Командир, постояв немного, скомандовал:
— Сержант, возьми с собой кого-нибудь и осмотритесь.
— Командир, разреши отойти, поговорить, пока мы здесь, — обратился к нему Клим.
— Да, давайте. Пять минут времени и двигаемся дальше. Вы с нами? — спросил командир сержанта, который вышел из здания, на что сержант ответил согласием, но ответил как-то не очень убедительно, скорее нерешительно:
— Да, мы с вами, нас всего двое.
— Слушай, вот пруха. И это же надо было вот так! Помнишь? — Клим вытащил фляжку на длинном ремешке. — Храню. Бате позвонил, он простил. Прикинь, пообещал подарить, когда вернусь. Они меня с мамкой ой как ждут. Теперь мы просто обязаны попасть в один взвод. Наш командир поможет, он пробивной, хоть и «зеленый».

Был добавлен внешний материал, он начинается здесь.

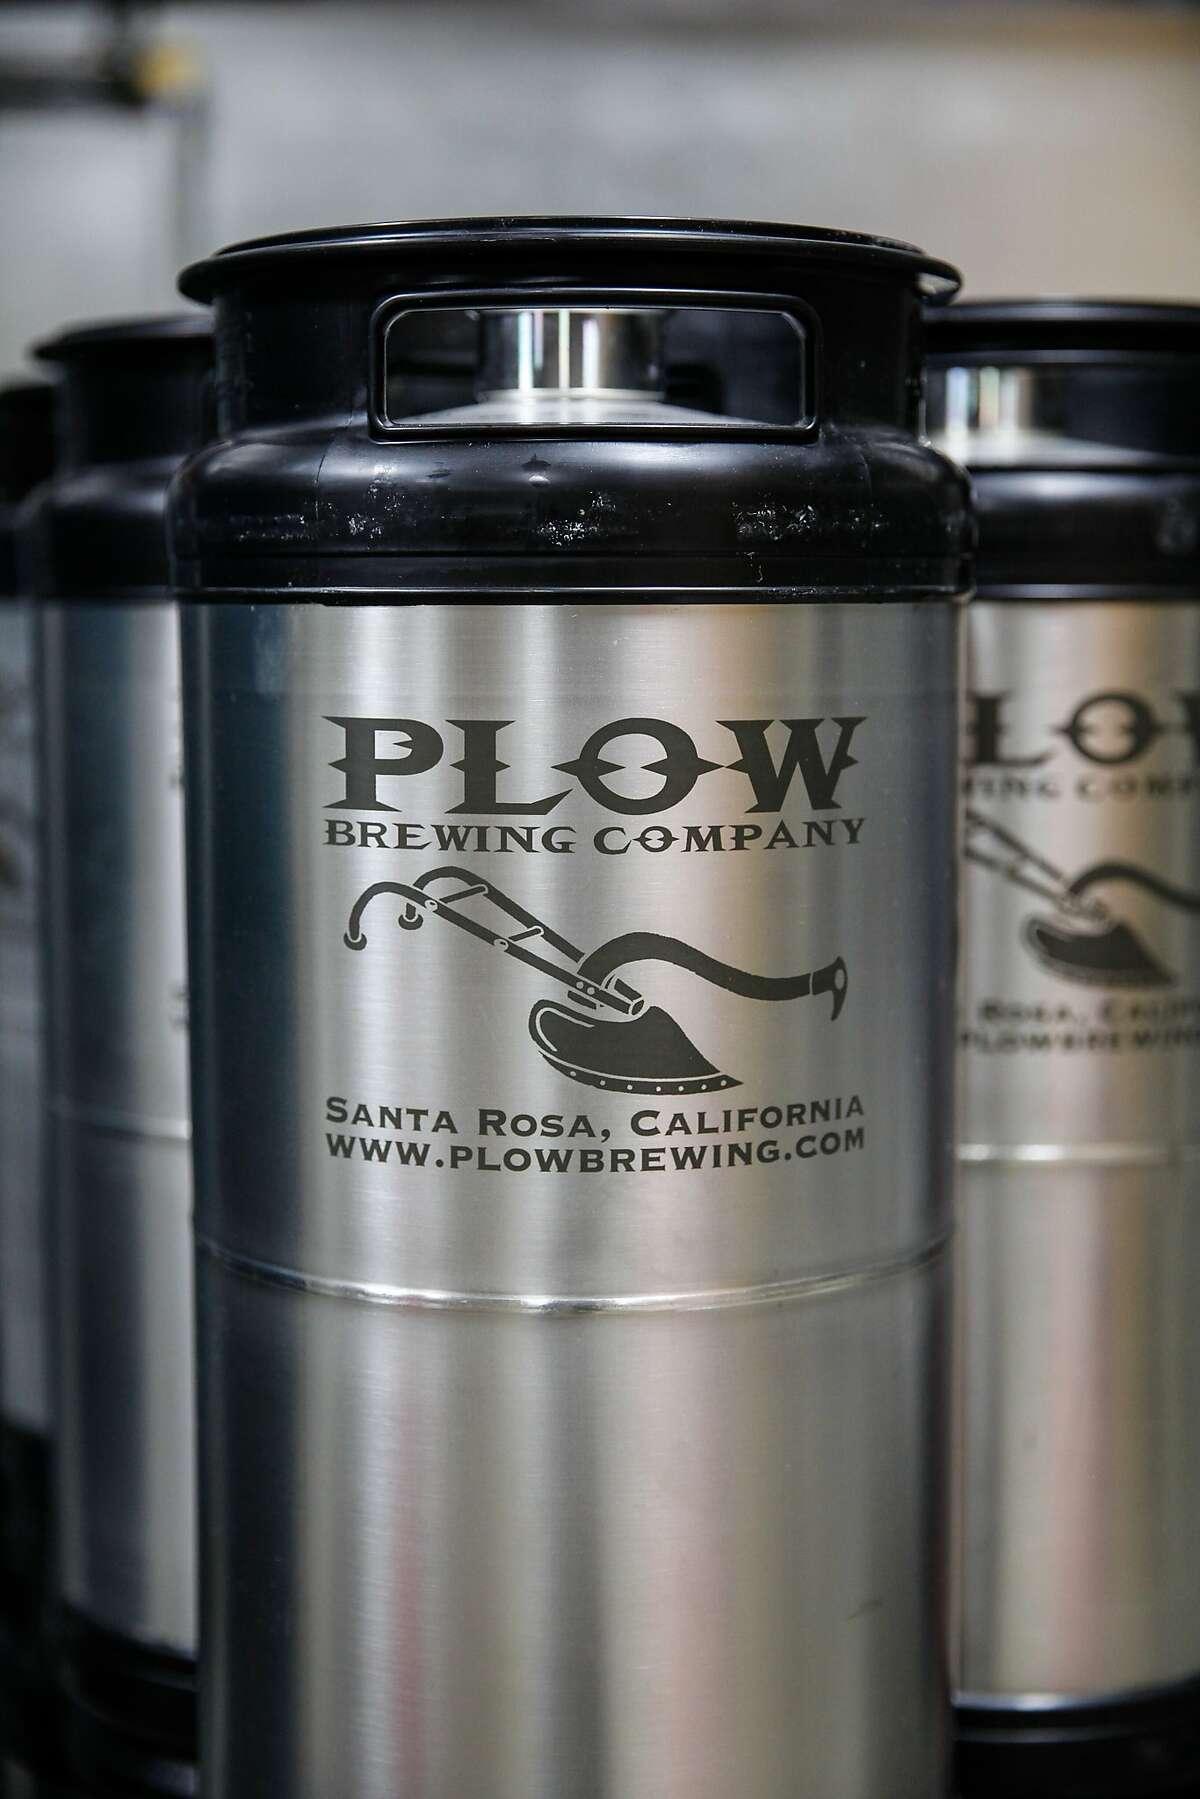 Beer brewed at Plow in Santa Rosa, Calif., on Wednesday, October 21, 2015.

— Послушай, Клим, так нас уж пора в запас списывать, скоро по домам отправимся. Какой на хр***н еще взвод. Про общагу не забыл? Давай по глотку, за встречу.
Выпить они не успели. Внезапно в том месте, где был виден блокпост, раздался сильный взрыв, небо заволокло дымом. Второй снаряд ударил в стену автостанции. Солдаты упали на теплый асфальт. Танк кашлянул сизым дымом, давая понять, что ждет команду. Внезапно Клим застонал:
— Б***дь, меня ранило, кажется! В бедро!
От раската грома стекла задрожали. Клим боялся поднять голову, ожидая следующий удар. Но был слышен лишь дождь. Пробуждение вернуло его в свою комнату и в позднюю осень. Бедро ныло: «А ведь доктор предупреждал, что такое может быть в межсезон», — вспомнил Клим, просто это в неспокойном сне он случайно задел коленом стену. Такое уже случалось. За окном было пасмурно и отчетливо слышно, как идет дождь. Из кухни доносились негромкие голоса. Он встал, надел спортивные домашние штаны и вышел на кухню. Там сидели мать и Орест Егорович, лысоватый мужчина лет шестидесяти пяти или чуть больше из соседнего подъезда, которого во дворе все звали Арест. Оба были пьяны. На столе стояли пепельница, полная окурков, бутылка водки и сок, вся кухня наполнена сизым сигаретным дымом.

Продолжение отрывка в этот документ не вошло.